Le regard que nous portons sur les autres crée en quelque sorte ce qu’ils ou ce qu’elles sont. Ou plutôt les personnes deviennent ce que nous voyons en elles. Heureusement ou malheureusement, c’est selon. Selon que notre perception soit positive ou négative. Et c’est bien ce qui ressort aujourd’hui de l’extrait de l’Évangile de Luc concernant la femme pécheresse. La perception qu’a le pharisien qui a invité Jésus à manger avec lui est étroitement limitée à un aspect de ce qu’est cette femme, une pécheresse. Le pharisien ne voit rien d’autre. Si cet homme était prophète, il saurait qui est cette femme qui le touche, et ce qu’elle est: une pécheresse. Sa perception de cette femme, on le constate aussi, perturbe même la perception qu’il avait de Jésus. Il avait invité chez lui ce prédicateur des grands chemins qui attirent les foules et voilà qu’il se met à douter de lui : Si cet homme était prophète, il saurait…
Les extraits de la Bible inspirant cette réflexion sont donnés à la toute fin de la prédication. Vous pouvez cliquer sur les liens pour lire les extraits. |
J’illustre mon propos à partir de l’exemple de Simon, le pharisien, mais nous vivons au quotidien le même phénomène. Selon le regard que nous portons sur elles, des personnes selon leur race, leur ethnie, leur culture, leur langue, leur classe sociale, leur religion seront considérées comme aimables ou dangereuses, fréquentables ou à fuir absolument. Bien malheureusement, les gens perçus négativement finiront parfois par se percevoir aussi négativement.
C’est très probablement ce qui est arrivé à cette femme qui semble n’avoir qu’une seule dimension : c’est une pécheresse… et rien d’autre. Dans le monde où elle vivait elle avait perdu son honneur, elle n’existait plus comme une personne à part entière.
Dans la scène à laquelle nous assistons, la femme a cependant le pressentiment que ce sera différent avec Jésus. Elle défie la perception des invités au repas, s’approche de Jésus et lui lave les pieds. Elle ne cherche qu’une seule chose, c’est de Lui dire son amour et son respect.
La réponse de Jésus est limpide : Ses péchés, ses nombreux péchés, ont été pardonnés parce qu’elle a montré beaucoup d’amour. Est-ce qu’il faut comprendre que c’est parce qu’elle a posé ce geste de laver les pieds de Jésus qu’elle a été pardonnée ? Non, bien sûr. Ce ne sont pas les œuvres qui apportent le salut. Paul, dans sa lettre aux Galates, nous l’enseigne: nous savons que ce n’est pas sur la base des œuvres de la loi que l’homme est déclaré juste, mais au moyen de la foi en Jésus-Christ.
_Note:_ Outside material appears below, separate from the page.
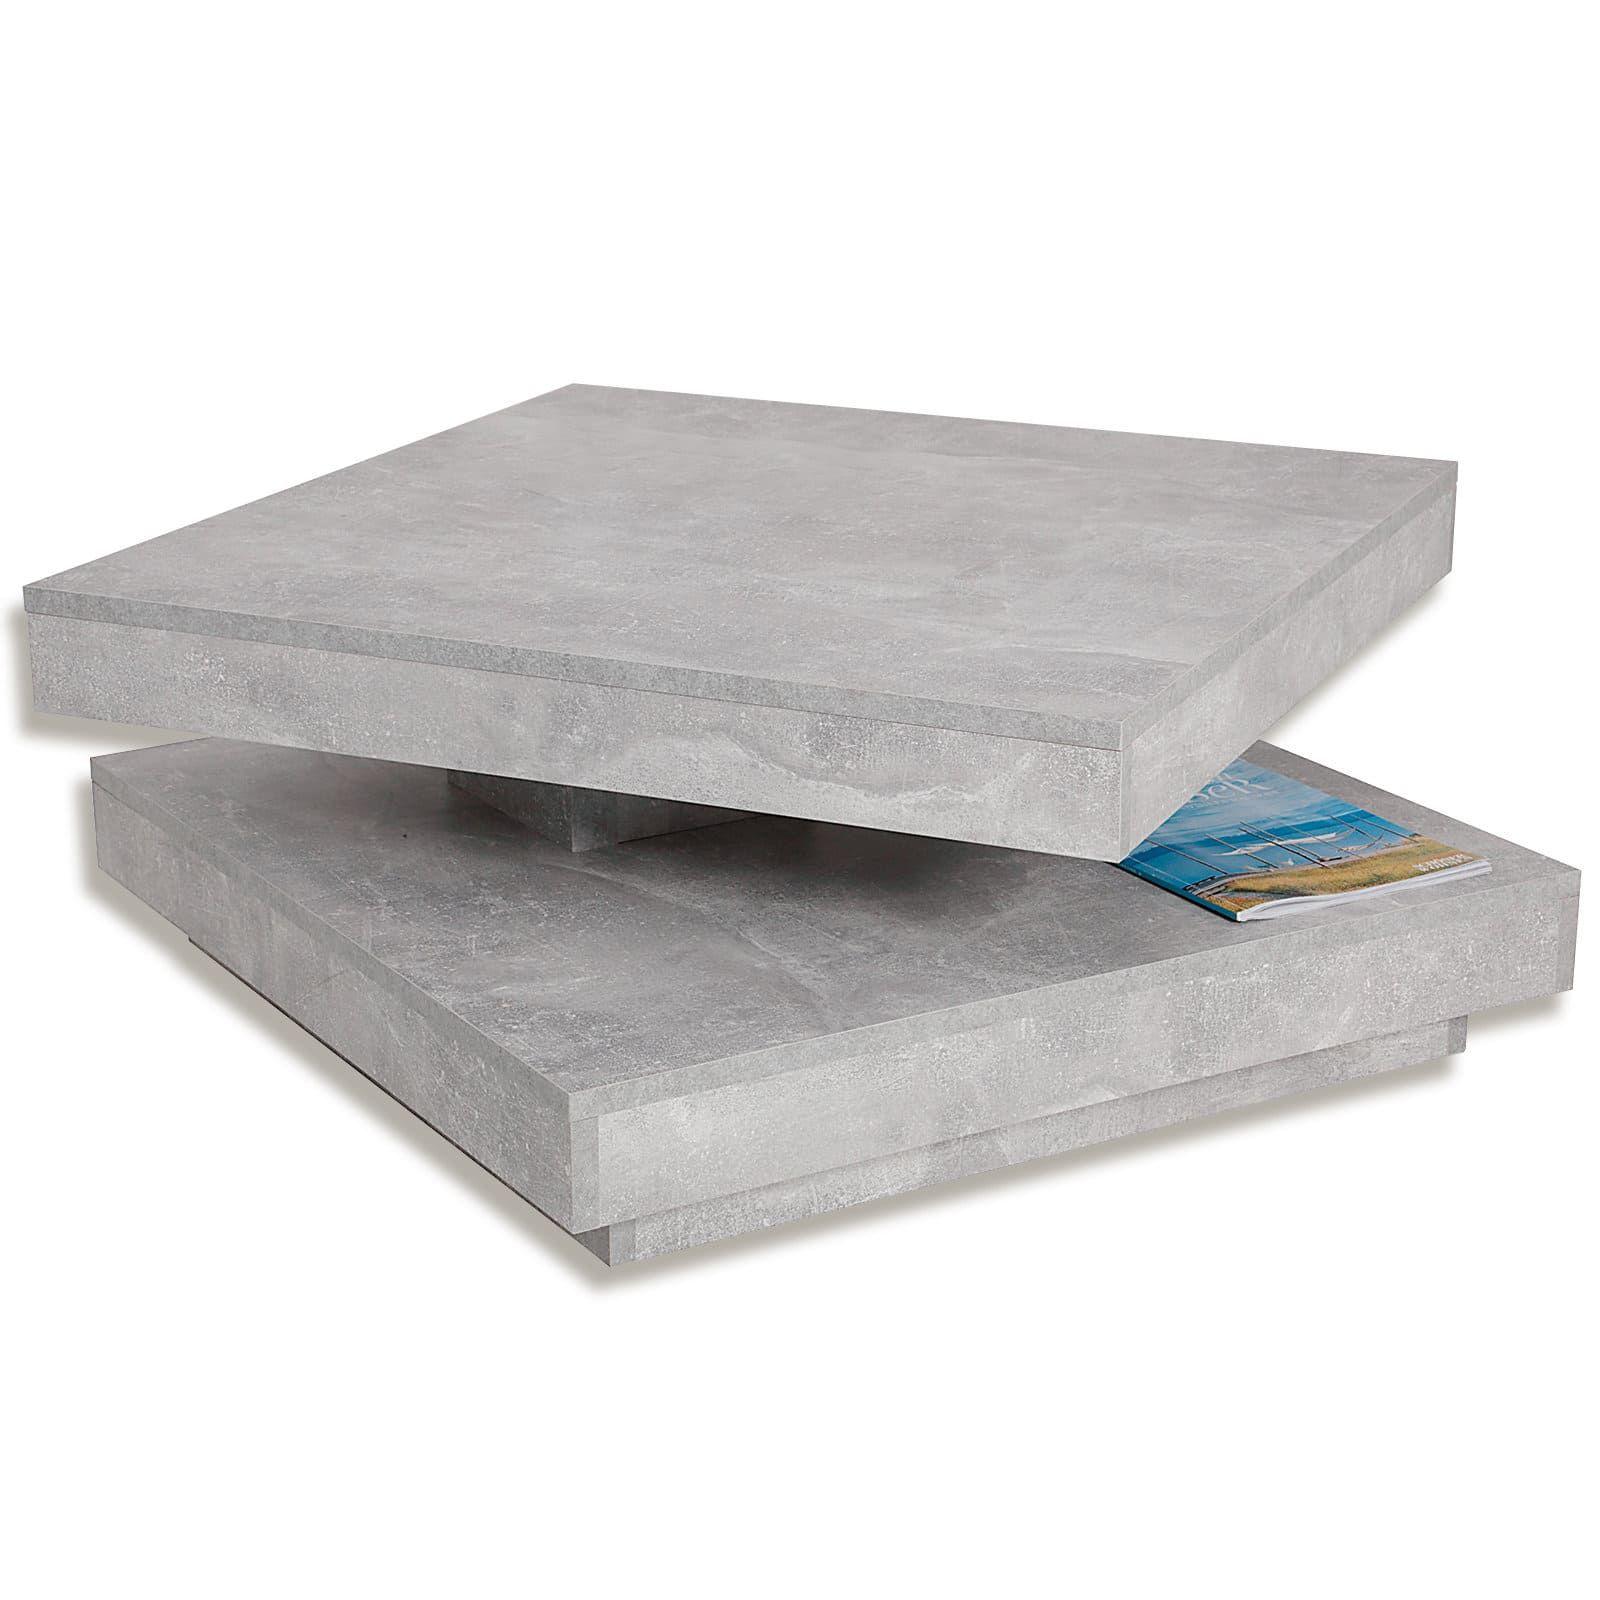 Pin By Ladendirekt On Tische In 2018 Tisch Couch Couchtisch
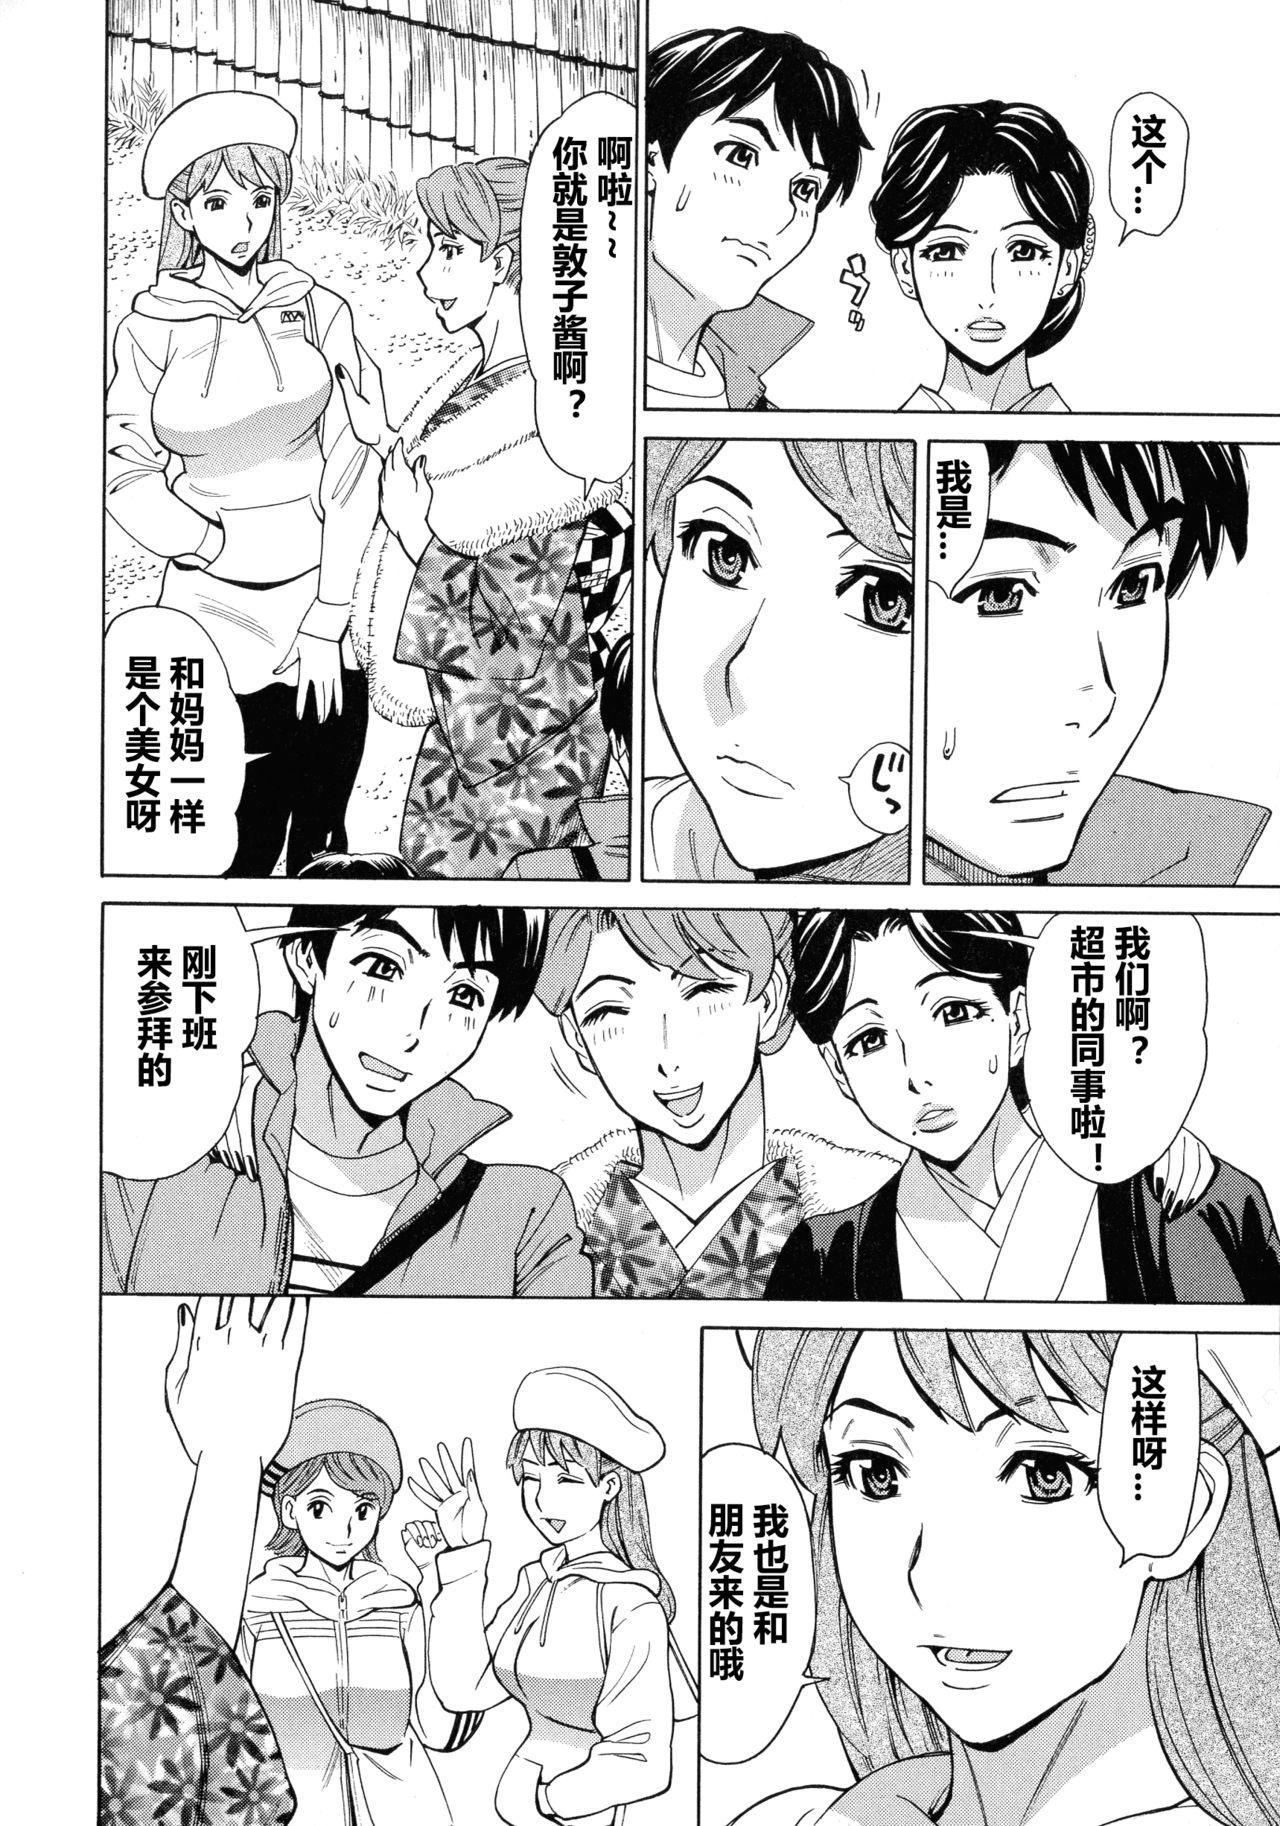 Hitozuma Koi Hanabi ~ Hajimete no Furin ga 3P ni Itaru made .04(chinese)【每天一发的个人汉化】 3

Ainsi, nous aussi nous avons cru en Jésus-Christ afin d’être déclarés justes sur la base de la foi en Christ et de la loi, puisque personne ne sera considéré comme juste sur la base des œuvres de la loi.
Le salut ici est arrivé pour cette femme dans le regard aimant de Jésus, dans le pardon qu’Il lui annonce devant tous les convives : ses nombreux péchés ont été pardonnés. C’est à travers ce regard miséricordieux de Jésus qu’elle a puisé l’élan pour manifester tant d’amour. Le salut offert en Jésus-Christ l’ouvre à une plus grande qualité d’amour.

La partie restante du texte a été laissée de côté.